DEPARTMENT OF THE TREASURY
Office of the Comptroller of the Currency
12 CFR Chapter I
Authority and Issuance
For the reasons set forth in the common preamble and under the
authority of 12 U.S.C. 93a and 5412(b)(2)(B), the Office of the
Comptroller of the Currency amends chapter I of Title 12, Code of
Federal Regulations, as follows:
PART 45--MARGIN AND CAPITAL REQUIREMENTS FOR COVERED SWAP ENTITIES
0
1. The authority citation for part 45 continues to read as follows:
Authority: 7 U.S.C. 6s(e), 12 U.S.C. 1 et seq., 12 U.S.C. 93a,
161, 481, 1818, 3907, 3909, 5412(b)(2)(B), and 15 U.S.C. 78o-10(e).
0
2. Section 45.1 is amended by adding paragraph (h) to read as follows:
Sec. 45.1 Authority, purpose, scope, exemptions and compliance
dates.
* * * * *
(h) Legacy swaps. Covered swaps entities are required to comply
with the requirements of this part for non-cleared swaps and non-
cleared security-based swaps entered into on or after the relevant
compliance dates for variation margin and for initial margin
established in paragraph (e) of this section. Any non-cleared swap or
non-cleared security-based swap entered into before such relevant date
shall remain outside the scope of this part if changes are made to it
as follows:
(1) [Reserved]
(2) The non-cleared swap or non-cleared security based swap was
amended under the following conditions:
(i) The swap was originally entered into before the relevant
compliance date established in paragraph (e) of this section and one
party to the swap booked it at, or otherwise held it at, an entity
(including a branch or other authorized form of establishment) located
in the United Kingdom;
(ii) The entity in the United Kingdom subsequently arranged to
amend the swap, solely for the purpose of transferring it to an
affiliate, or a branch or other authorized form of establishment,
located in any European Union member state or the United States, in
connection with the entity's planning for or response to the event
described in paragraph (h)(2)(iii) of this section, and the transferee
is:
(A) A covered swap entity, or
(B) A covered swap entity's counterparty to the swap, and the
counterparty represents to the covered swap entity that the
counterparty performed the transfer in compliance with the requirements
of paragraphs (h)(2)(i) and (ii) of this section;
(iii) The law of the European Union ceases to apply to the United
Kingdom pursuant to Article 50(3) of the Treaty on European Union,
without conclusion of a Withdrawal Agreement between the United Kingdom
and the European Union pursuant to Article 50(2);
(iv) The amendments do not modify any of the following: The payment
amount calculation methods, the maturity date, or the notional amount
of the swap;
(v) The amendments cause the transfer to take effect on or after
the date of the event described in paragraph (h)(2)(iii) of this
section transpires; and
(iv) The amendments cause the transfer to take effect by the later
of:
(A) The date that is one year after the date of the event described
in paragraph (h)(2)(iii); or
(B) Such other date permitted by transitional provisions under
Article 35 of Commission Delegated Regulation (E.U.) No. 2016/2251, as
amended.
BOARD OF GOVERNORS OF THE FEDERAL RESERVE SYSTEM
12 CFR Chapter II
Authority and Issuance
For the reasons set forth in the preamble, the Board of Governors
of the Federal Reserve System amends 12 CFR part 237 to read as
follows:
PART 237--SWAPS MARGIN AND SWAPS PUSH-OUT
0
3. The authority citation for part 237 continues to read as follows:
Authority: 7 U.S.C. 6s(e), 15 U.S.C. 78o-10(e), 15 U.S.C. 8305,
12 U.S.C. 221 et seq., 12 U.S.C. 343-350, 12 U.S.C. 1818, 12 U.S.C.

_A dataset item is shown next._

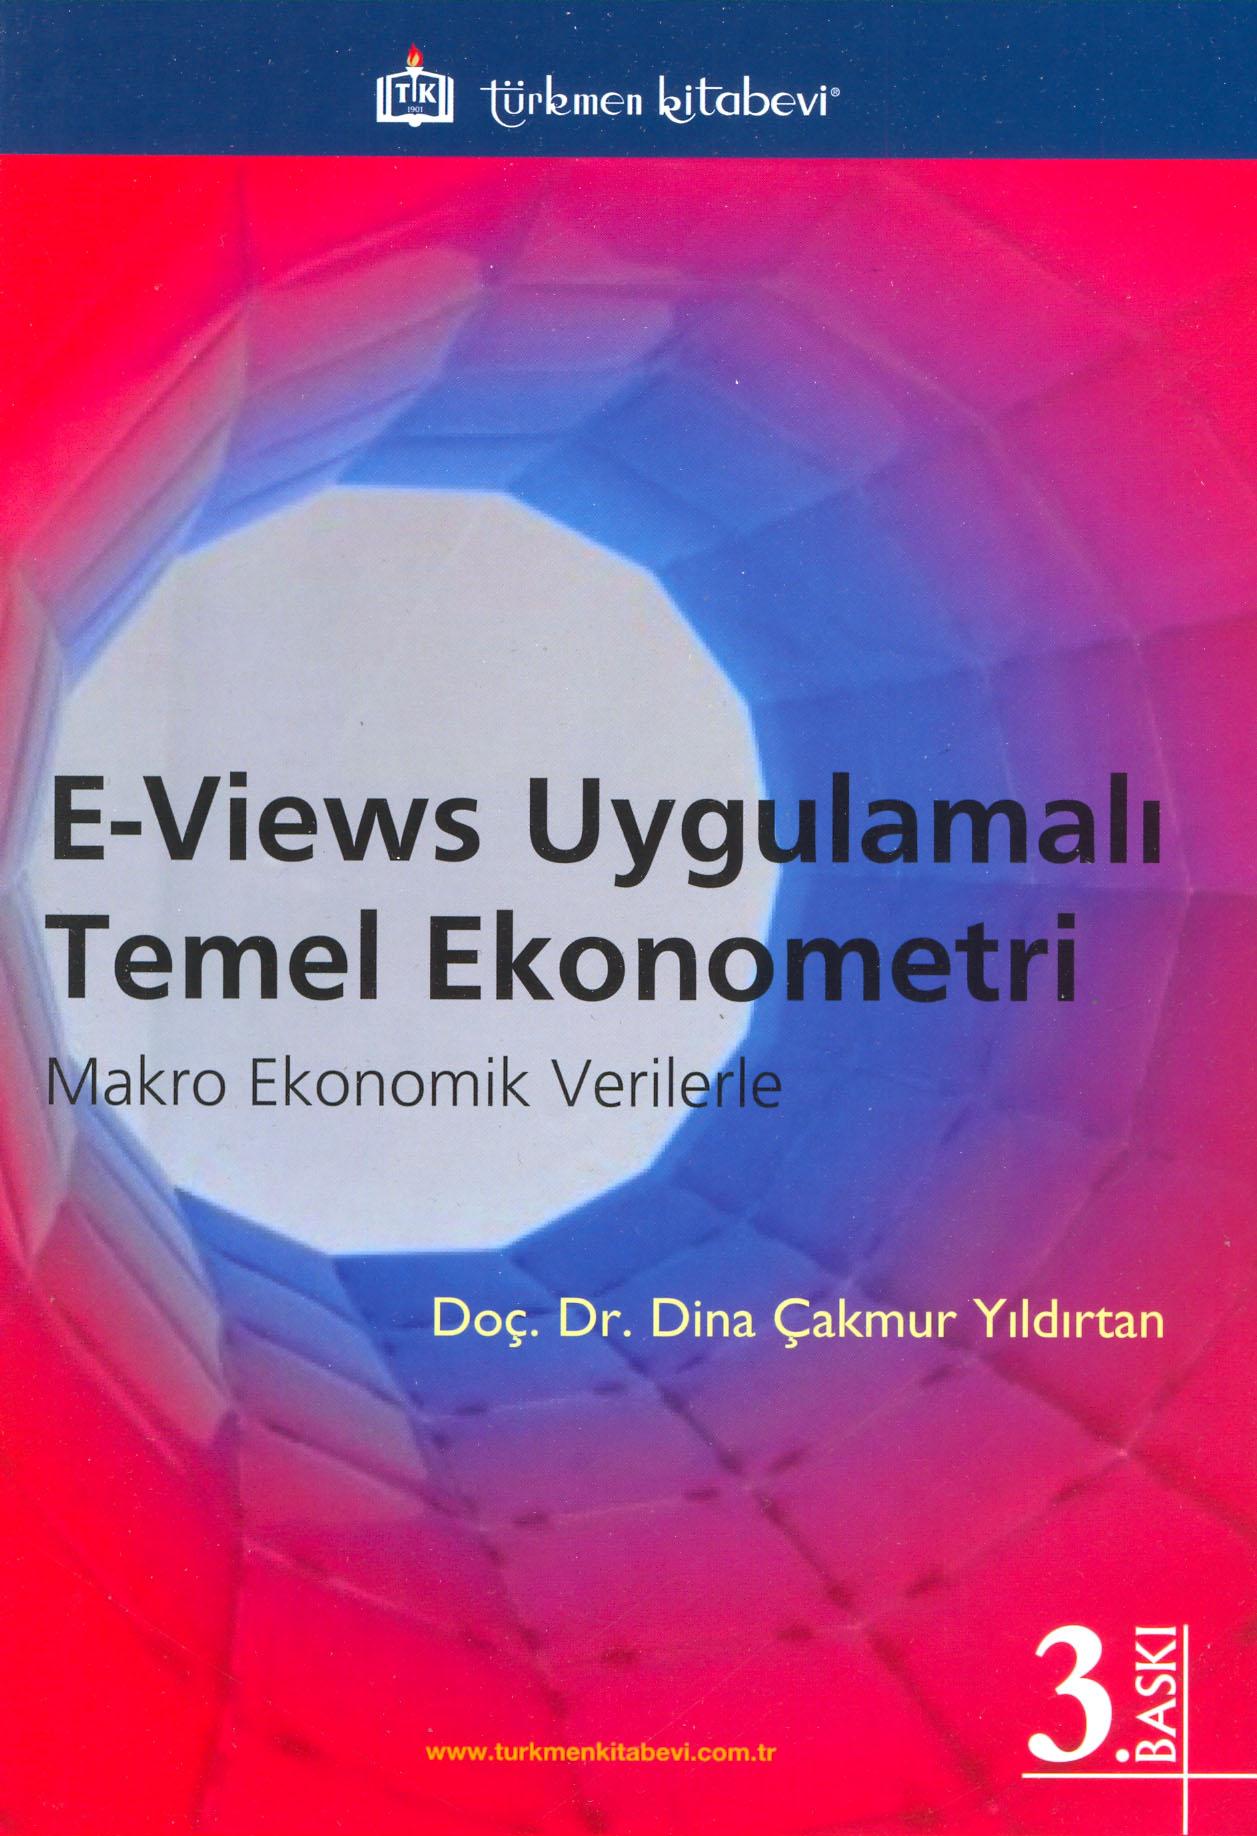 E - Views Uygulamalı Temel Ekonometri; Makro Ekonomik Verilerle

1841 et seq., 12 U.S.C. 3101 et seq., and 12 U.S.C. 1461 et seq.
Subpart A--Margin and Capital Requirements for Covered Swap
Entities (Regulation KK)
0
4. Section 237.1 is amended by adding paragraph (h) to read as follows:
Sec. 237.1 Authority, purpose, scope, exemptions and compliance
dates.
* * * * *
(h) Legacy swaps. Covered swaps entities are required to comply
with the requirements of this subpart for non-cleared swaps and non-
cleared security-based swaps entered into on or after the relevant
compliance dates for variation margin and for initial margin
established in paragraph (e) of this section. Any non-cleared swap or
non-cleared security-based swap entered into before such relevant date
shall remain outside the scope of this subpart if changes are made to
it as follows:
(1) [Reserved]
(2) The non-cleared swap or non-cleared security based swap was
amended under the following conditions:
(i) The swap was originally entered into before the relevant
compliance date established in paragraph (e) of this section and one
party to the swap booked it at, or otherwise held it at, an entity
(including a branch or other authorized form of establishment) located
in the United Kingdom;
(ii) The entity in the United Kingdom subsequently arranged to
amend the swap, solely for the purpose of transferring it to an
affiliate, or a branch or other authorized form of establishment,
located in any European Union member state or the United States, in
connection with the entity's planning for or response to the event
described in paragraph (h)(2)(iii) of this section, and the transferee
is:
(A) A covered swap entity, or
[[Page 9949]]
(B) A covered swap entity's counterparty to the swap, and the
counterparty represents to the covered swap entity that the
counterparty performed the transfer in compliance with the requirements
of paragraphs (h)(2)(i) and (ii) of this section;
(iii) The law of the European Union ceases to apply to the United
Kingdom pursuant to Article 50(3) of the Treaty on European Union,
without conclusion of a Withdrawal Agreement between the United Kingdom
and the European Union pursuant to Article 50(2);
(iv) The amendments do not modify any of the following: The payment
amount calculation methods, the maturity date, or the notional amount
of the swap;
(v) The amendments cause the transfer to take effect on or after
the date of the event described in paragraph (h)(2)(iii) of this
section transpires; and
(vi) The amendments cause the transfer to take effect by the later
of:
(A) The date that is one year after the date of the event described
in paragraph (h)(2)(iii) of this section; or
(B) Such other date permitted by transitional provisions under
Article 35 of Commission Delegated Regulation (E.U.) No. 2016/2251, as
amended.
FEDERAL DEPOSIT INSURANCE CORPORATION
12 CFR Chapter III
Authority and Issuance
For the reasons set forth in the Supplementary Information section,
the Federal Deposit Insurance Corporation amends 12 CFR chapter III as
follows:
PART 349--DERIVATIVES
0
5. The authority citation for subpart A of part 349 continues to read
as follows:
Authority: 7 U.S.C. 6s(e), 15 U.S.C. 78o-10(e), and 12 U.S.C.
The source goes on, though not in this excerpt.